An understanding of the financial crime position of a transaction and the parties in it is becoming more important. Recently, a number of transactions in the US have had to be aborted or delayed due to the underlying financial crime position in the target companies, and they won’t be the last. See the cases of Riggs, M & T Bank Corp and Ebix. It is not only the financial sector which has this type of concern, as transactions in the general corporate sector have shown with issues of bribery and corruption, organised crime, commercial espionage and cybercrime. Earlier this week similar difficulties were announced for companies involved in tax evasion. Mergers and acquisitions are one of the quickest ways to access new markets, build client databases, lower manufacturing costs, increase marketing reach, tap into new talent pools and expand your product and service base. However, in the rush to secure such commercial opportunity, do not forget that you are not just buying useful assets, but also assuming liabilities, the extent of which may be hard to assess. If your target is engaged in unlawful activity, then the acquisition you are engaged in could easily bring you within the scope of the money laundering legislation, purely by the fact of acquisition. The other matter to bear in mind is that you cannot contract out of what may be a criminal law liability.

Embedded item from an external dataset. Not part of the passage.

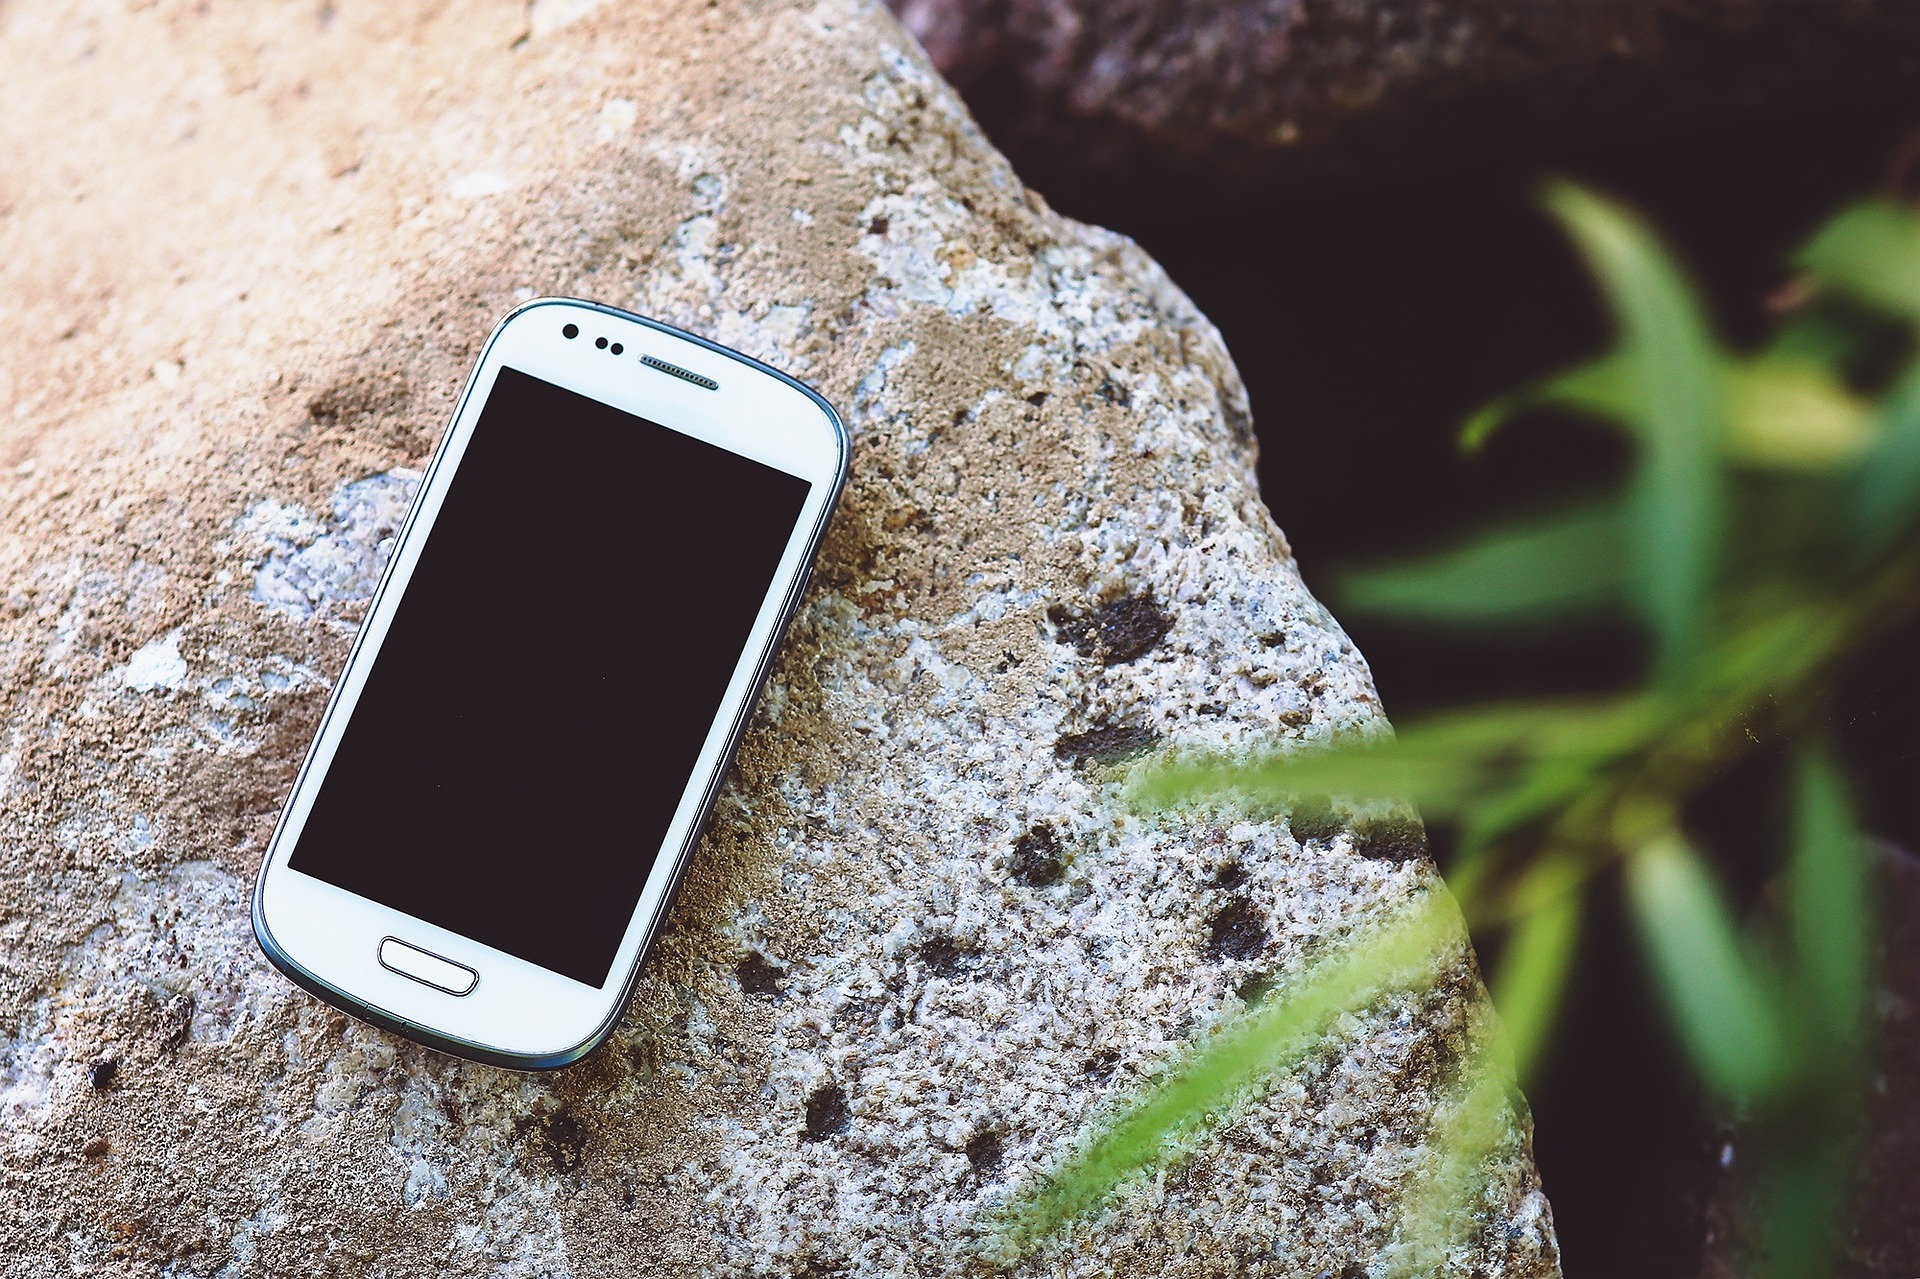 smartphone-791179_1920.jpg

Due diligence as generally understood has a couple of deep flaws. The first is that it has become rote. There is a heavy emphasis on legal due diligence as carried out by lawyers, and financial due diligence as carried out by accountants. The problem is that both types of result can be fixed. They are documentary driven and just as contracts can be far from what the real position is between two parties, accountancy can be more of an art than a science. The second flaw is that speed is often given greater weight than getting the deal right. So what is really needed is reality due diligence, i.e. what is this deal really about and what are the parties really up to?

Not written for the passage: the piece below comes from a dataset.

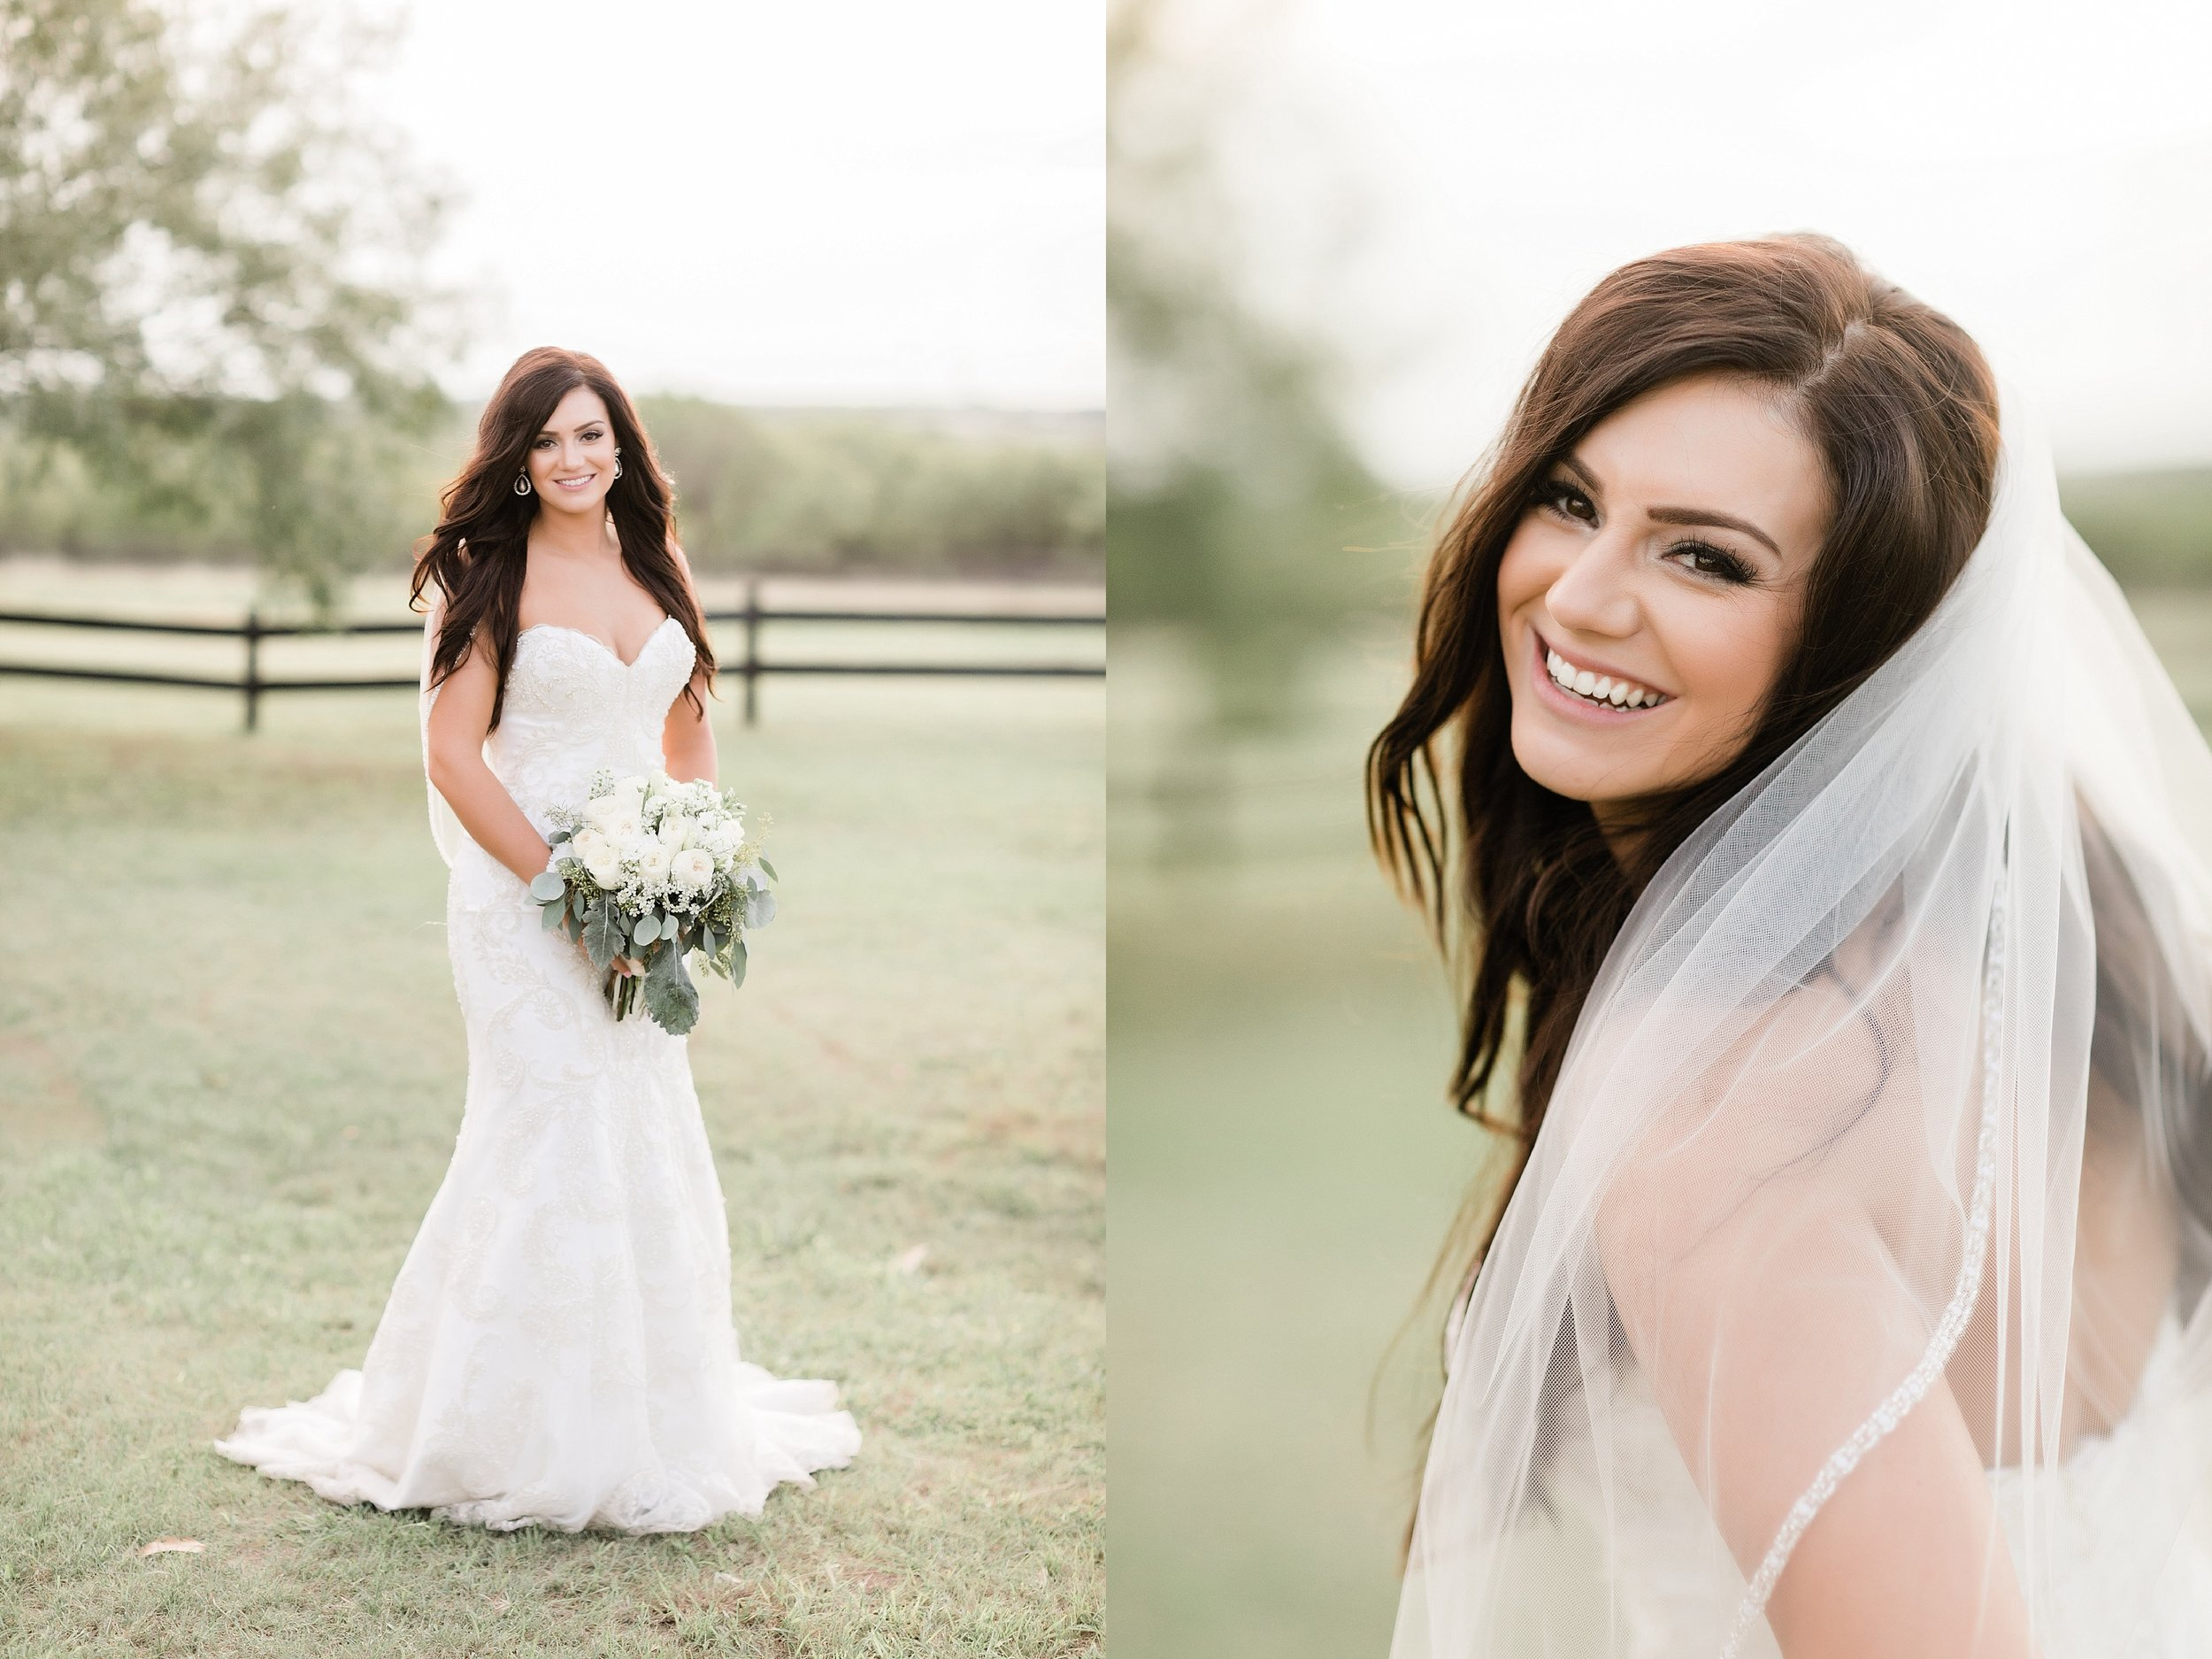 bailey-and-carl-coyote-ranch-resort-wedding-photographer-wichita-falls-texas-destination-wedding-0050.jpg

The fundamental difficulty is that few attempt to look below the surface of what we call the “identity iceberg”. Identity is rather more than the commonly acquired copy of a passport and utility bill. Which of your friends and colleagues do you know only by these two documents?! In fact you have to look at all the 36 other elements that make up individual and corporate personality to understand who it is that you are really dealing with, so as to be able to negate your regulatory pain and secure commercial gain.
The above observations and conclusions are based on due diligence, risk management and anti money laundering projects which we have been involved in, covering 140 jurisdictions around the globe, in all sectors of commerce and industry. Having worked on what has been labelled the leading example of compliance transformation, we are also well versed in going in to clean up a potential target before sale, to reduce risk and increase the sale price, or to do this post transaction, in order to reduce risk and extract the profits left under the table due to the failure of the previous owners to align the compliance function with the business model. Our application of the five compliance forces brings this to fruition.

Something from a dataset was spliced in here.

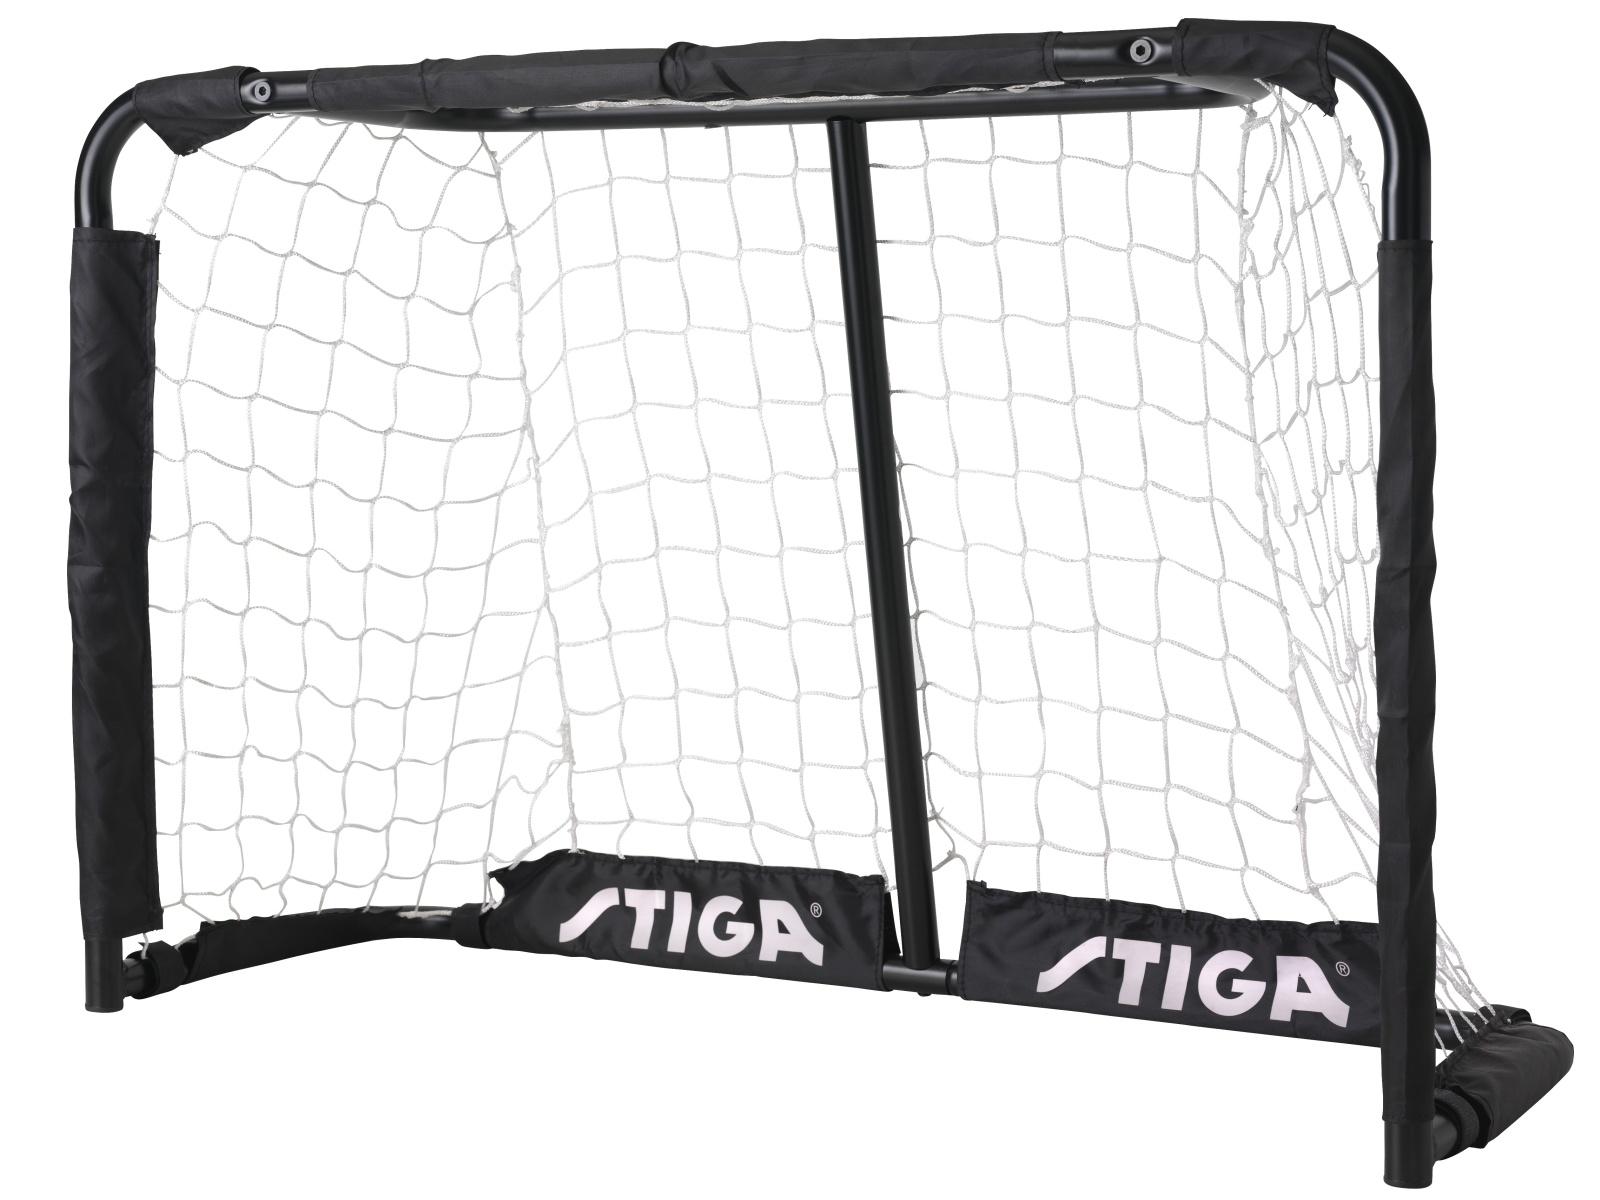 Branka STIGA Goal Pro 79 x 54 cm

There is no doubt that money laundering and the underlying predicate crimes have got their hooks into the mergers and acquisitions sector, and that a number of deals will be blown off course or be seriously mispriced (as allegations over the HP/Autonomy deal, for example, showed). The winners will be those who change their attitude to ROI in this area, who can be bothered to enter into well considered long term relationships with their clients, putting the effort into getting to know them properly, and who are inspired to hard wire their compliance function into their business model to avoid unnecessary risks and secure profit ahead of their competitors.